Exactly here as what MyBoyPuck stated - your legs are infront of you aka Chair Seat, instead of under you. Your heels should be aligned with your hips, and your hips should be aligned with your shoulders - just as the picture that mum was posted just above mine 

The exercises given are great, so just keep at em  It's all about muscle memory! Train those muscles where they need to be. It's easier said then done, but you have the eagerness and the want to correct this, so be proud of yourself for that! I look forward to seeing the improvement in the near future


----------



## Sarahandlola

I got a little video today and notice my canter is still a disgrace! 

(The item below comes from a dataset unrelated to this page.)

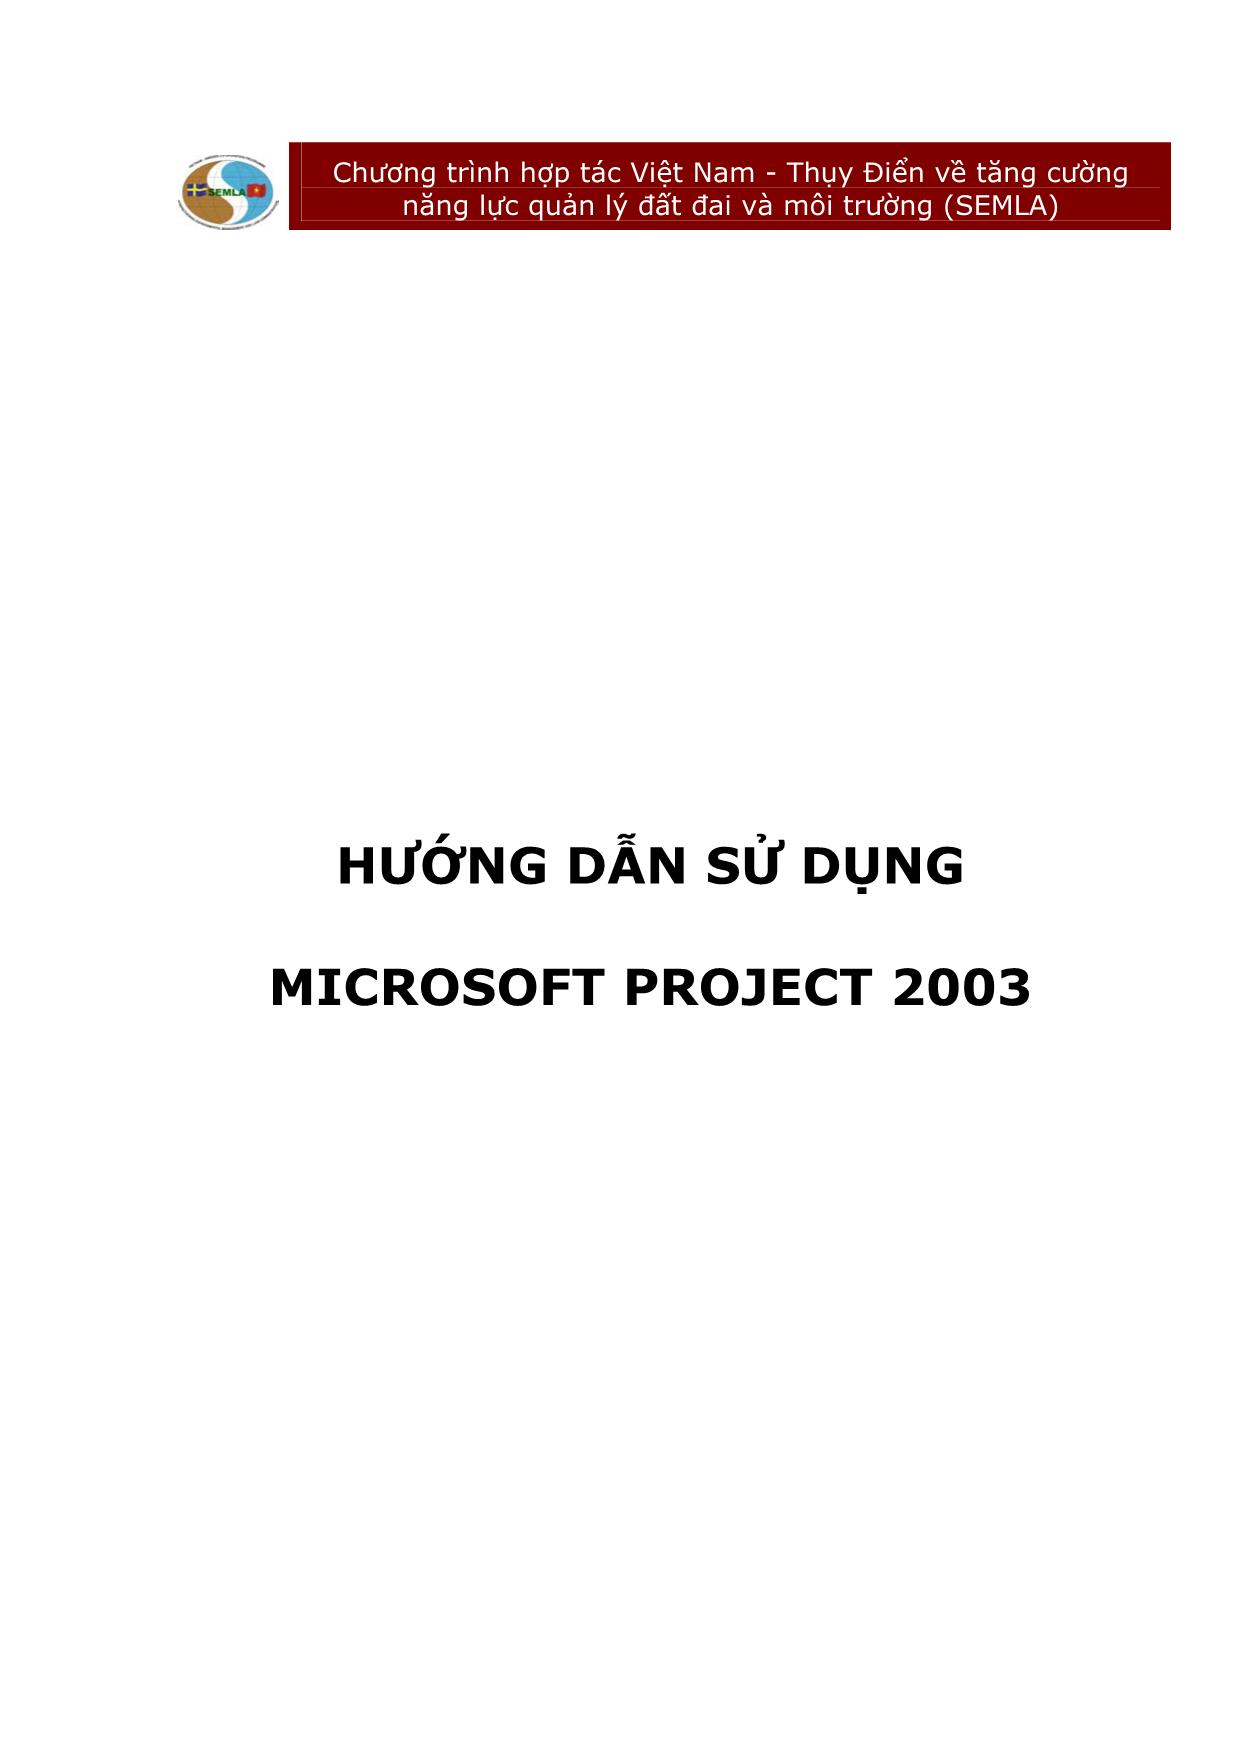 Hướng dẫn sử dụng microsoft project 2003 trang 1

I tried some of the things today.. I tried going with one stirrup and I was all over the place then Lola decided to canter and I lost my balance at the corner so I stopped XD I always lose my balance at the corners. So I just cantered her around in half seat.

Anyways small video...






I don't get it! It feels like I am sitting at canter but obviously not XD


----------



## Shasta1981

Yeah you're leg is still not back. Are you posting at the walk right when you get on? I post at the walk every time I get in the saddle. Like others have said you can't stand unless your leg is in the proper position. Why don't you try working on your leg at the walk until you are able to stand in your stirrups without any issues? Then move on to the trot. Hopefully that will help! 

Hang in there! I know how uncomfortable it is to be a little off balance but it will come!


----------



## MIEventer

Yeah, your legs are still in the dashboard - you have to focus on getting your legs under you, and you balanced over your feet. 

While sitting in the saddle, just noral and not moving - look down. If you can see your toes, your feet are too far forward. 

Really work on getting your feet under you. Heels aligned with hips. Your toes should be just at the girth, or near the center of the girth - not past the girth or infront of the girth.


----------